Bursting calcium rotors in cultured cardiac myocyte monolayers

Abstract

Rotating waves (rotors) of cellular activity were observed in nonconfluent cultures of embryonic chick heart cells by using a macroscopic imaging system that detected fluorescence from intracellular Ca2+. Unlike previous observations of rotors or spiral waves in other systems, the rotors did not persist but exhibited a repetitive pattern of spontaneous onset and offset leading to a bursting rhythm. Similar dynamics were observed in a cellular automaton model of excitable media that incorporates spontaneous initiation of activity, and a decrease of excitability as a consequence of rapid activity (fatigue). These results provide a mechanism for bursting dynamics in normal and pathological biological processes.

Figure 1

Dynamics of burst generation. (A) Calcium fluorescence for six consecutive bursts from a 1 mm² area. (B) The interbeat period measured from calcium fluorescence during rotor bursting as a function of time. During each burst duration increases from about 0.4 s to 0.8 s. The interburst duration ranges from 36 s to 44 s. (C) Average period of rotor rotation for 24 representative rotor bursts taken from 6 different preparations. The average period, calculated for the first and last five rotations of each rotor during a burst, is plotted as a function of burst duration. The error bars show the standard deviation of the period over the five averaged periods.

Figure 2

Anatomy of a typical burst. The upper trace shows fluorescence intensity during a single burst. The width of each panel is 1 cm. The colored images show contour plots of activation times at several different times during the burst indicated by the labels. Contour maps are constructed by determining the location of the activation front at 50-ms intervals. The location of the activation front at a given time is plotted in a color given by the key. This format allows for the representation of a number of consecutive raw data frames onto a single composite image.

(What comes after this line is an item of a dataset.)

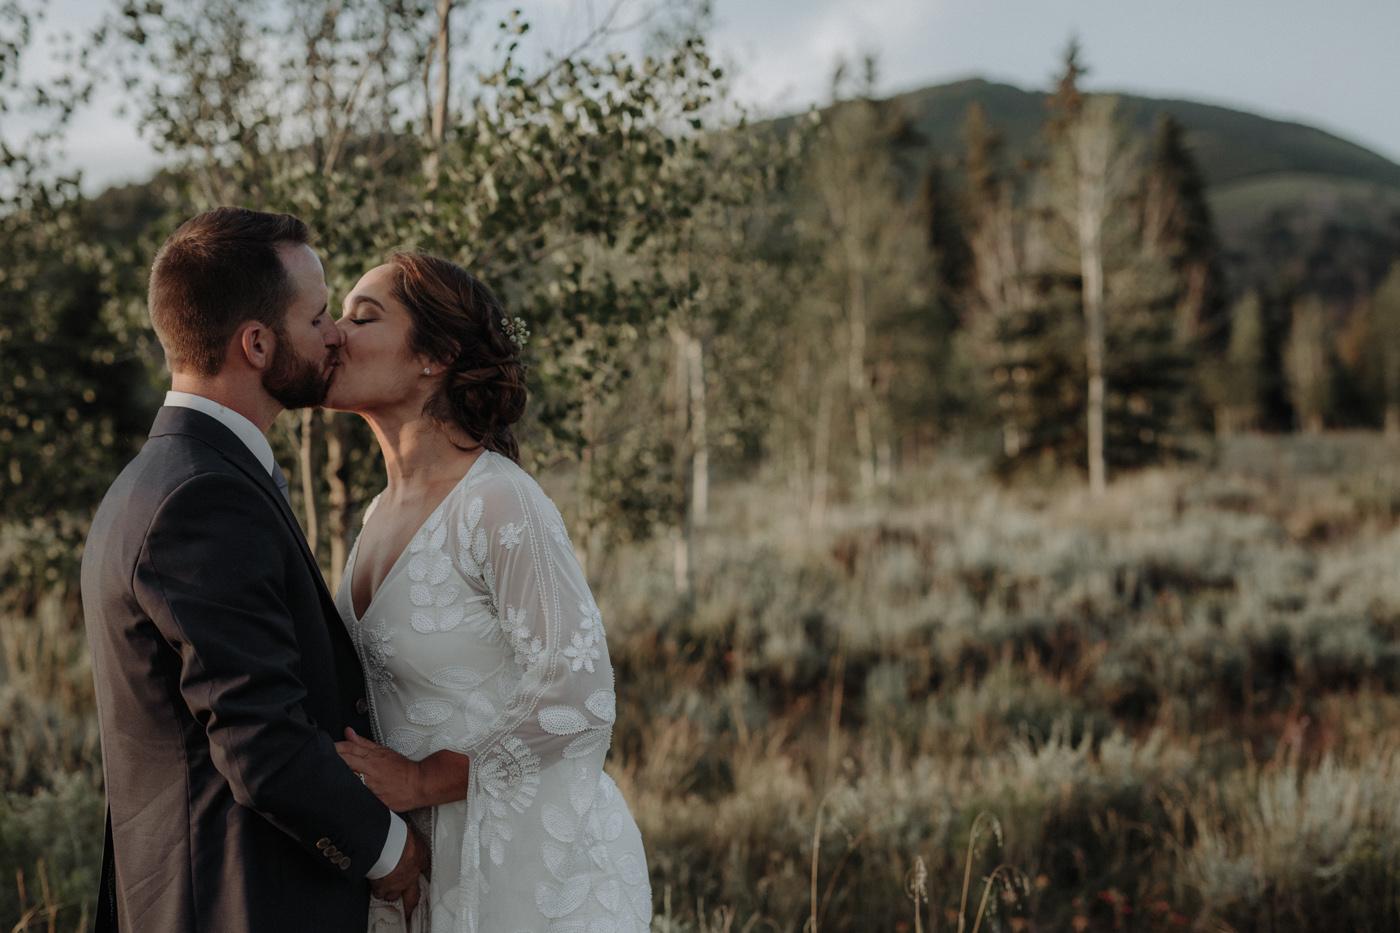 woods-walk-trail-crested-butte-colorado-wedding-127.jpg

Activation front detection is determined by a threshold set at half maximum fluoresence. (A) Unidirectional block. The wave is initiated at a single site and propagates only to the left. (B) Formation of two mirror-image rotor waves. The excitation doubles back, to invade the tissue forming a mirror-image pair or rotors. (C and D) Contour plots of the mirror-image pair of rotors. (E) Destruction of one of the rotors leaves a single rotor (F) Termination of the remaining rotor.

Figure 3

Simulation of a single burst in a 30 × 30 array. Contour maps of activation times for the cellular automaton model during a rotor burst. (A) Unidirectional block. The wave is initiated from the random firing of more than two neighboring sites. Heterogeneity results in unidirectional propagation upward. (B and C) Formation of two mirror-image rotors. The excitation doubles back and invades the site of block to form a rotor. (D and E) Rotation of the mirror-image pair of rotors. The rightmost rotor dominates and the leftmost rotor dies out first. (F) Termination of the remaining rotor.